# Which car? Intermediate SUV or standard SUV



## Neoshoegal

I'm trying to decide which car to hire for our upcoming trip. It's not a Disney one, but it's a road trip for 5 weeks (taking in places like Las Vegas, Yellowstone, Badlands, Rocky Mountains, Grand Canyon, ...).

We've always thought of getting an SUV for the comfort while driving, but now we're having to decide what size.

The intermediate SUV states it's a Ford Escape or similar. I'm worried that the boot size may be too small (we're talking 1 medium suitcases and probably 2 duffel bags and some bits here and there like a back pack, 2 folding chair).
It's just the two of us travelling.

The standard SUV is a Jeep Grand Cherokee or similar. The boot is a bit big bigger, 35 cubic feet vs 31 cubic feet according to the info I can find online on the latest models. But I can't quite imagine how much difference that really makes. However, it costs £230 more for the 5 weeks and obviously the MPG is worse.

The info on the car rental website says that for the intermediate it would fit 2 suitcases, the standard would fit 4.

I think the bigger one might be more comfortable, being able to leave things in the boot and not on the back seat and all... Also, if you want to take a quick nap along the way, you can actually put your seats down completely.
And I would on the one hand like the big a$$ car 

But would it really make a big difference, worth the price difference (bearing in mind this is a very expensive vacation already and £230 plus the higher fuel cost is still a considerable amount of money)?


----------



## disneyholic family

the ford escape is actually pretty big...
a midsize SUV is a nice size vehicle...

and the escape is considered very fuel efficient..

actually, any midsize SUV is going to be more fuel efficient than a full size SUV...


have you been to the ford website? i'm sure there are pictures of it there,,.....

here it is....just went and found it on the ford site...
http://www.ford.com/suvs/escape/

have you driven medium and large SUVs?  i find the mid-size MUCH easier to drive...


----------



## Neoshoegal

Thanks!

One thing I did also notice is that the intermediate SUV never mentions cruise control, whereas the standard does. Now, I'd actually be surprised to get a car like that that doesn't have cruise control, but if it really doesn't when we arrive, we can't blame anyone. And considering the distances we'll be driving, cruise control would be a really nice feature to have. 
I wonder, if we'd phone the local office where we'd be renting if they'd let us know, or would they just look at the spec sheet?


----------



## disneyholic family

Neoshoegal said:


> Thanks!
> 
> One thing I did also notice is that the intermediate SUV never mentions cruise control, whereas the standard does.
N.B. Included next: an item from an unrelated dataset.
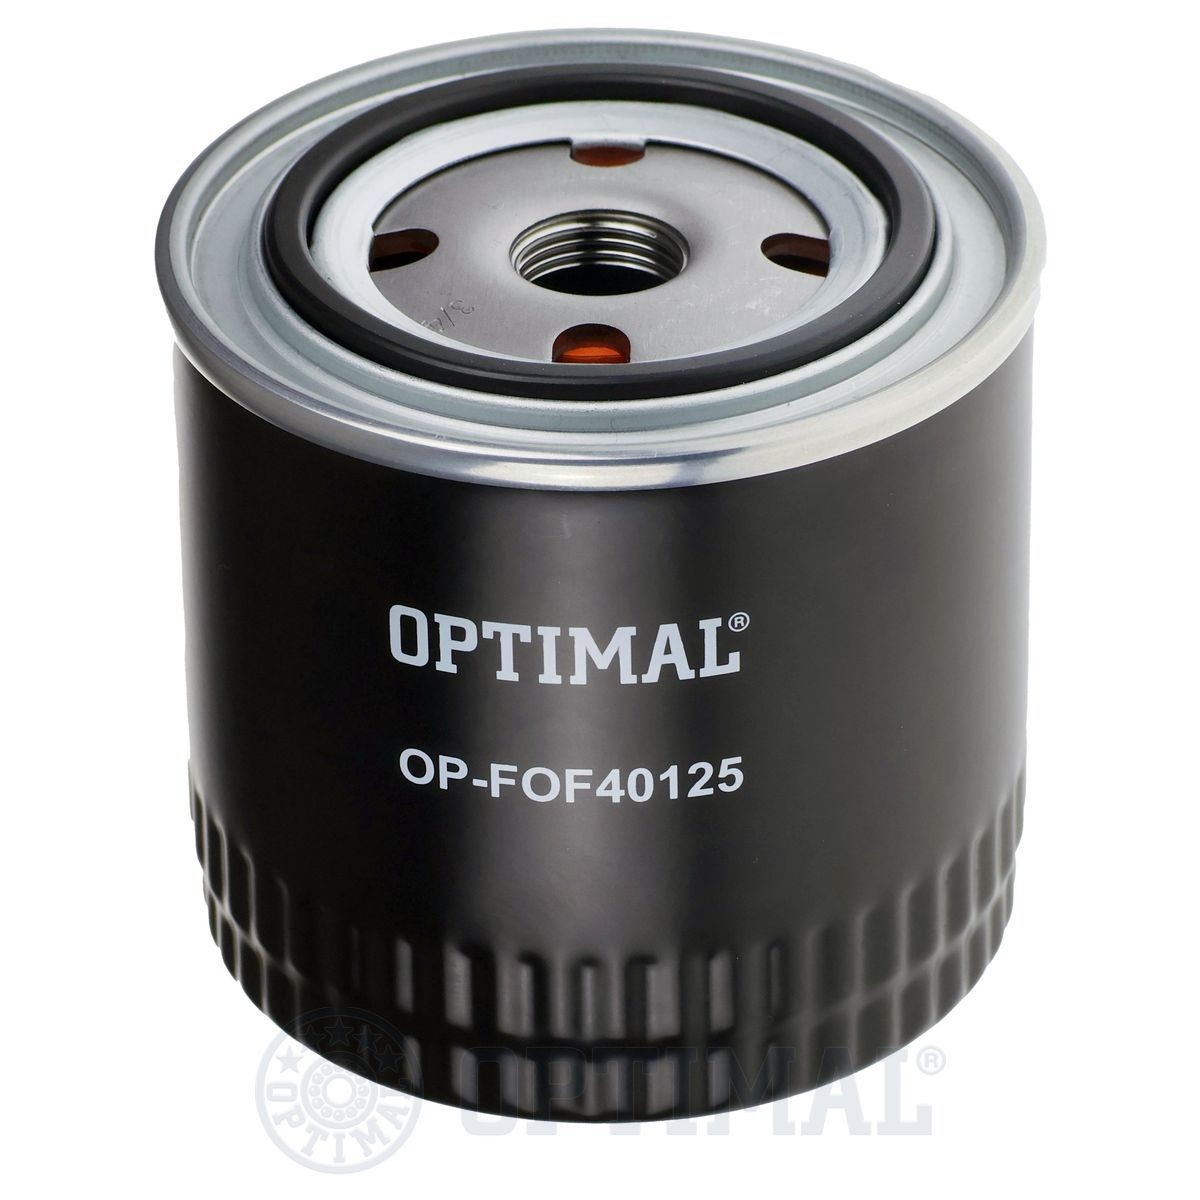 OPTIMAL 3/4-16 UNF-1B, mit einem Rücklaufsperrventil, Anschraubfilter Innendurchmesser 2: 72, 63mm, Ø: 96, 93mm, Höhe: 96mm Ölfilter OP-FOF40125 kaufen

Now, I'd actually be surprised to get a car like that that doesn't have cruise control, but if it really doesn't when we arrive, we can't blame anyone. And considering the distances we'll be driving, cruise control would be a really nice feature to have.
> I wonder, if we'd phone the local office where we'd be renting if they'd let us know, or would they just look at the spec sheet?



in my experience, cruise control is only on the upper end versions of each model car..
so for example, there might well be an escape version that has cruise control, but it's also quite possible that the more basic versions don't include it...and for sure the version of the car offered for rent is the more basic version..

if cruise control is important to you, then go with the standard SUV, where it seems to be guaranteed...


----------



## poggs

Ive rented both several times.  THe mid size SUV has invariably been a long wheel base V6 Toyota RAV 4.  This has always had cruise control and been plenty big enough for us all.  Only rented a full size suv before there was a mid size suv category and last year when we used the hertz 'expedia bug'  The full size tends to a fair bit more expensive and really not that much bigger.  Really depends on what sort of price you get for them.  If you elect to stick with the mid size, I know it will be fine for just the 2 of you.  Its still a big car!


----------



## janiebubble

we had a Ford Escape this Easter ... took 2 large suitcases and 2 sets of hand luggage with no trouble at all


----------